Wagner y el silencio en Ravello

El pabellón del músico es un encaje de piedra, muy acotado por las hortensias y crisantemos

Vista de los jardines de Villa Rufolo en Ravello.
Vista de los jardines de Villa Rufolo en Ravello.

En medio de los jardines de Villa Rufolo, muy acotado por las hortensias y los crisantemos de otoño, está una construcción bastante modesta, casi diríase que pobre frente a la imponente mole de la torre pregótica o la galería de las ojivas, un verdadero encaje de piedra, que es donde se dice sale el fantasma de una dama de blanco. Se trata del que comúnmente se llama Pabellón de Wagner. Ahora alberga ocasionalmente la oficina de prensa y relaciones públicas del festival de Música y Danza de Ravello (uno de los de más solera del sur de Italia y por donde han pasado a dar su arte todos los artistas más importantes de nuestro tiempo, de Toscanini a Bernstein, o de Rostropovich a Nureyev), pero durante un largo segmento del año, el pabellón está tan cerrado como en silencio, y es precisamente silencio lo que buscó el músico alemán cuando pidió un sitio fuera de las agitadas estancias del palacio para componer.
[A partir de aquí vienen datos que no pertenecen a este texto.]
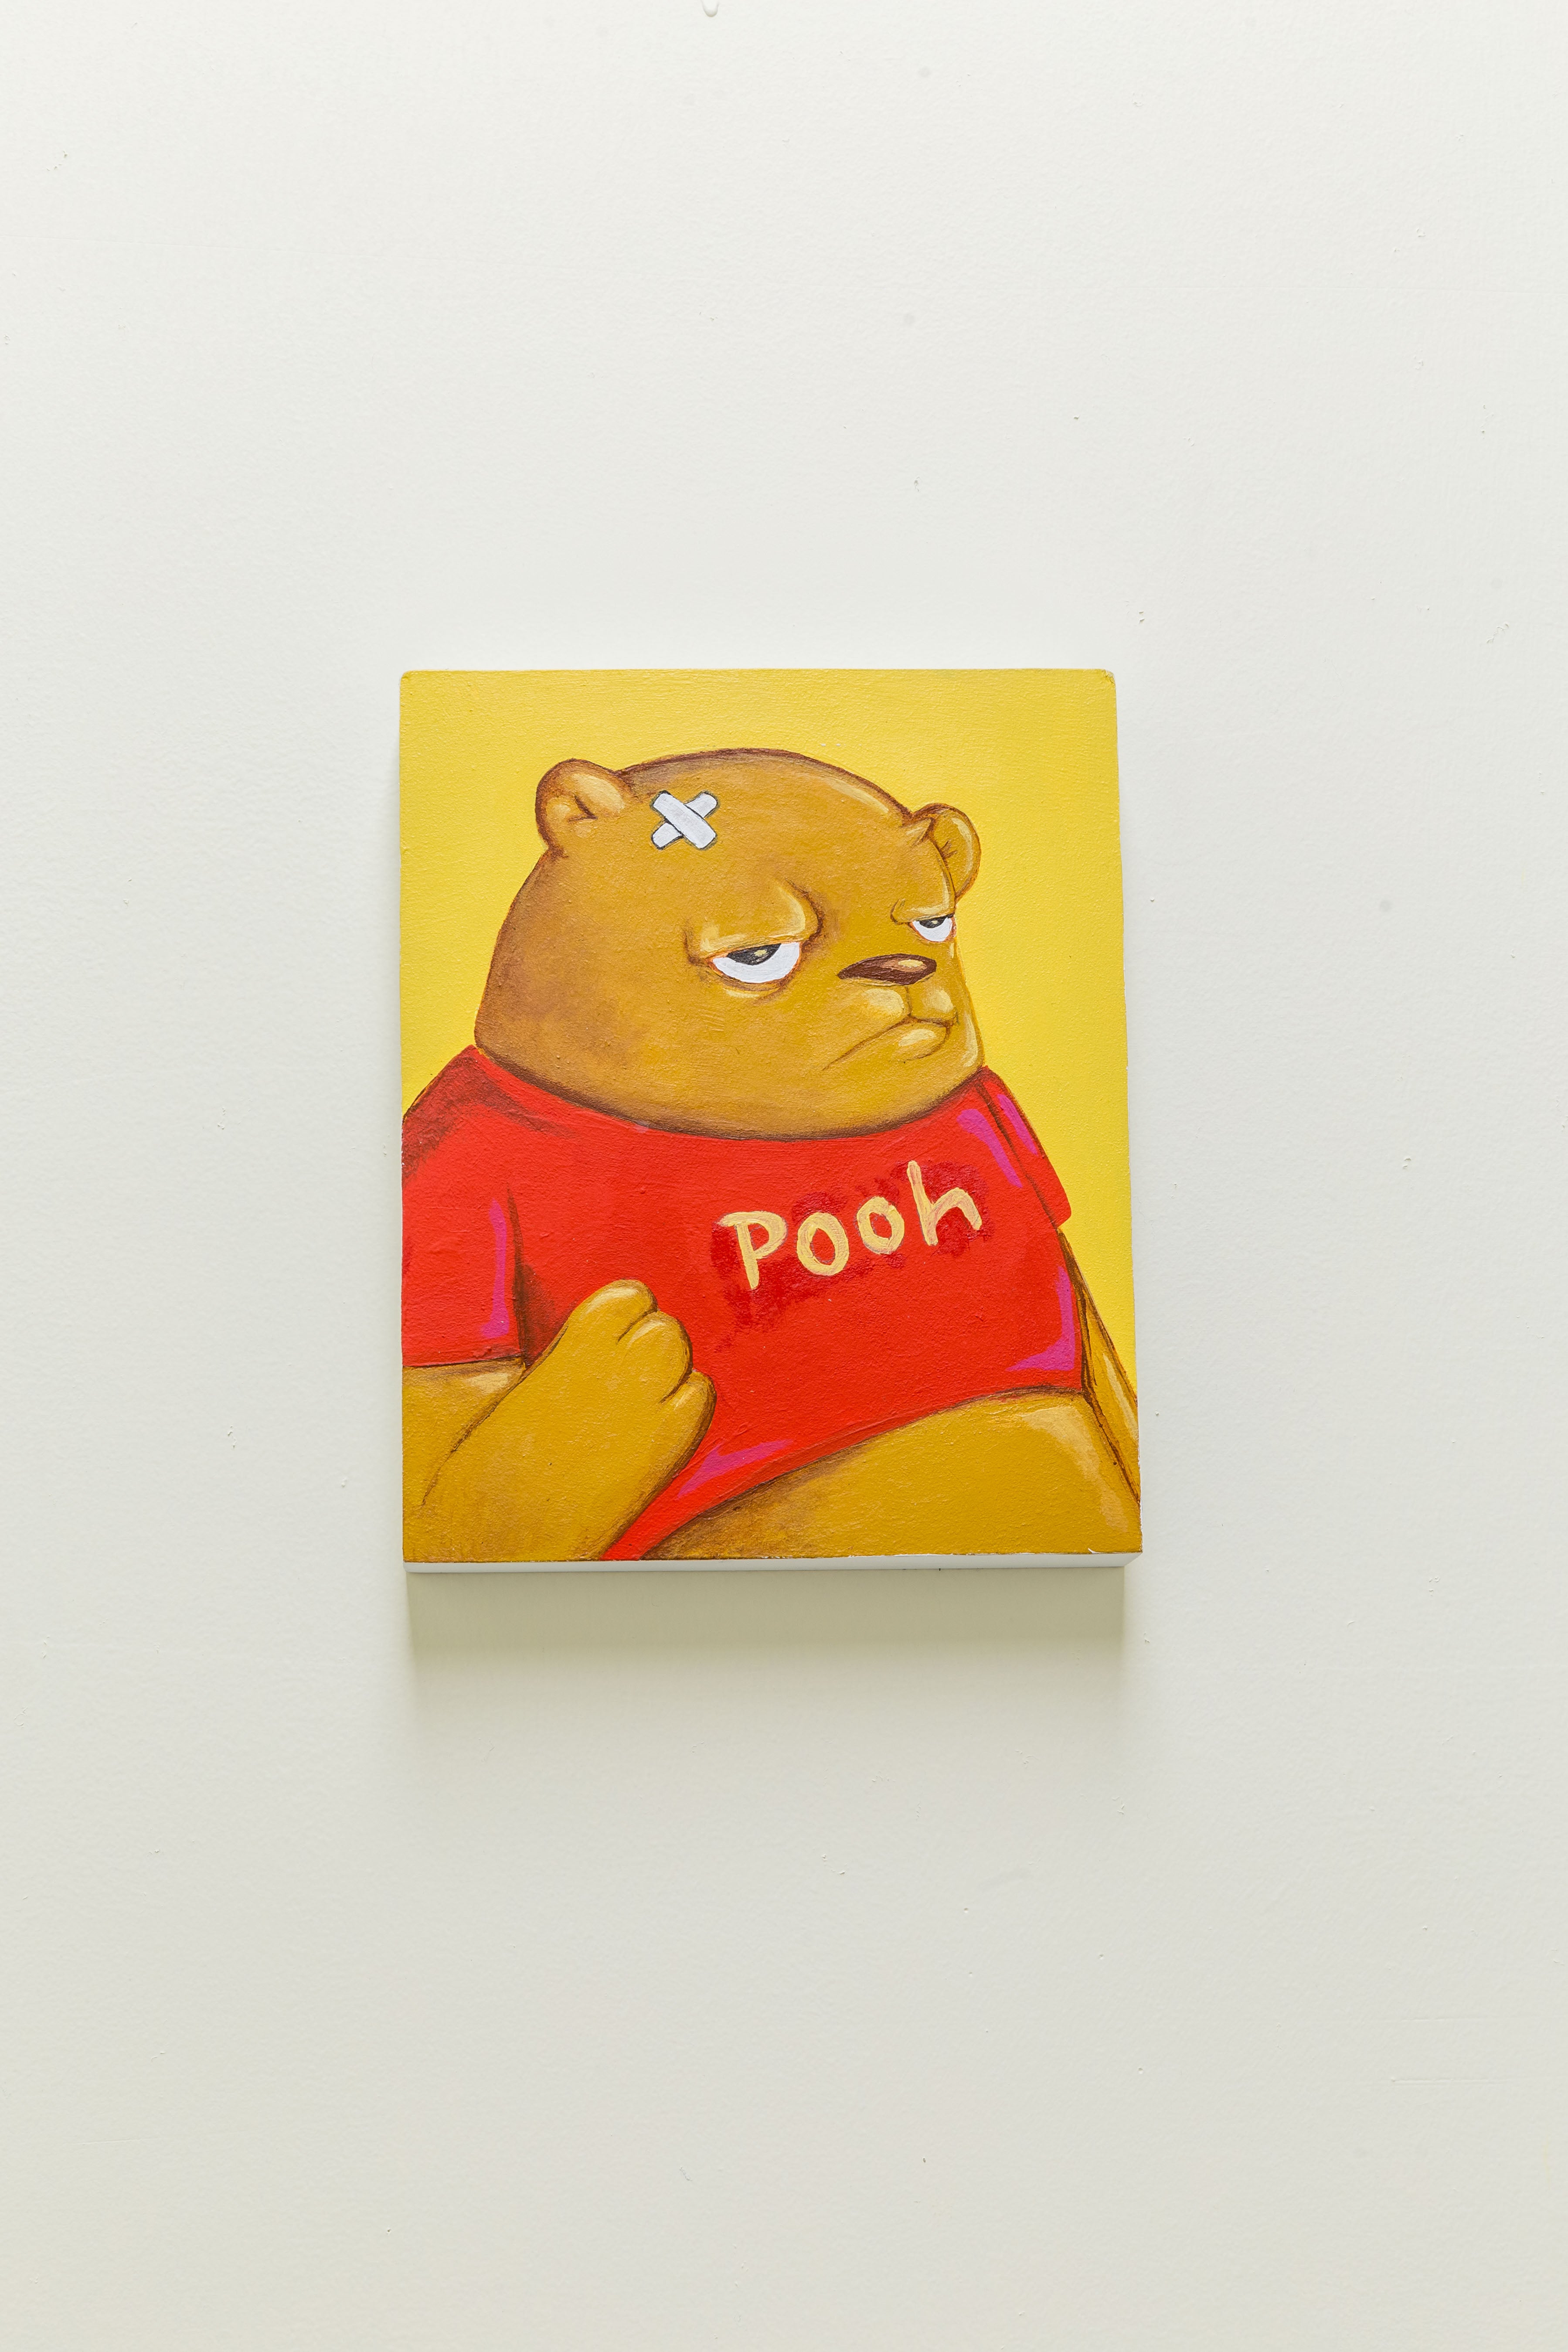 "I Am Pooh" by JC Rivera
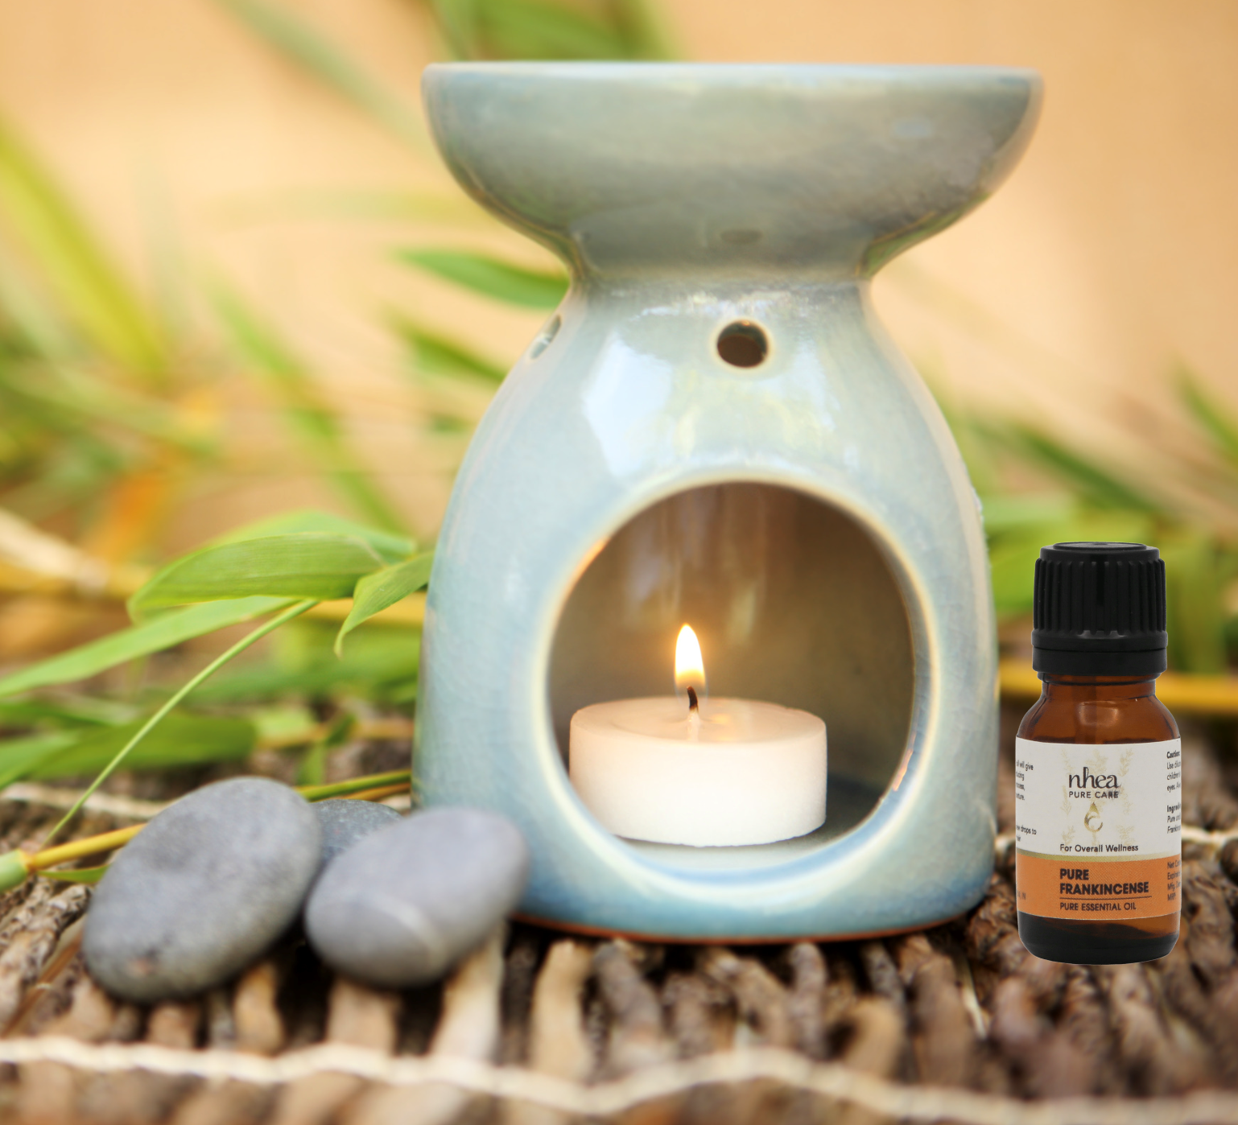 Nhea Pure Frankincense Essential Oil (10ml)

Mucho han discutido biógrafos y melómanos de cuánto y qué compuso Wagner exactamente en Ravello. Hoy, creo que ese detalle es lo que menos fatiga. Silencio que llega hasta la silueta de los cipreses, el deambular de los gatos (verdaderos nobles dueños del lugar) y que, en su discreto discurrir, acompañó a tanta gente notoria, de Virginia Woolf a Greta Garbo, de Sara Teasdale a Gore Vidal. “Ravello es carne de literatura y cambia la vida a todo el que lo pisa”, dice Nicola, que es quien sabe todo de Villa Rondinaia, el fabuloso y acogedor palacio que compró Gore Vidal y del que desprendió, con dolor, en 2003. Los americanos y los ingleses hicieron suyo este sitio. El Golfo de Salerno era desde antiguo un sitio para ser cantado. Sus vistas, los limoneros de Amalfi, los tallistas del coral, una permisividad no explícita que flotaba en el ambiente.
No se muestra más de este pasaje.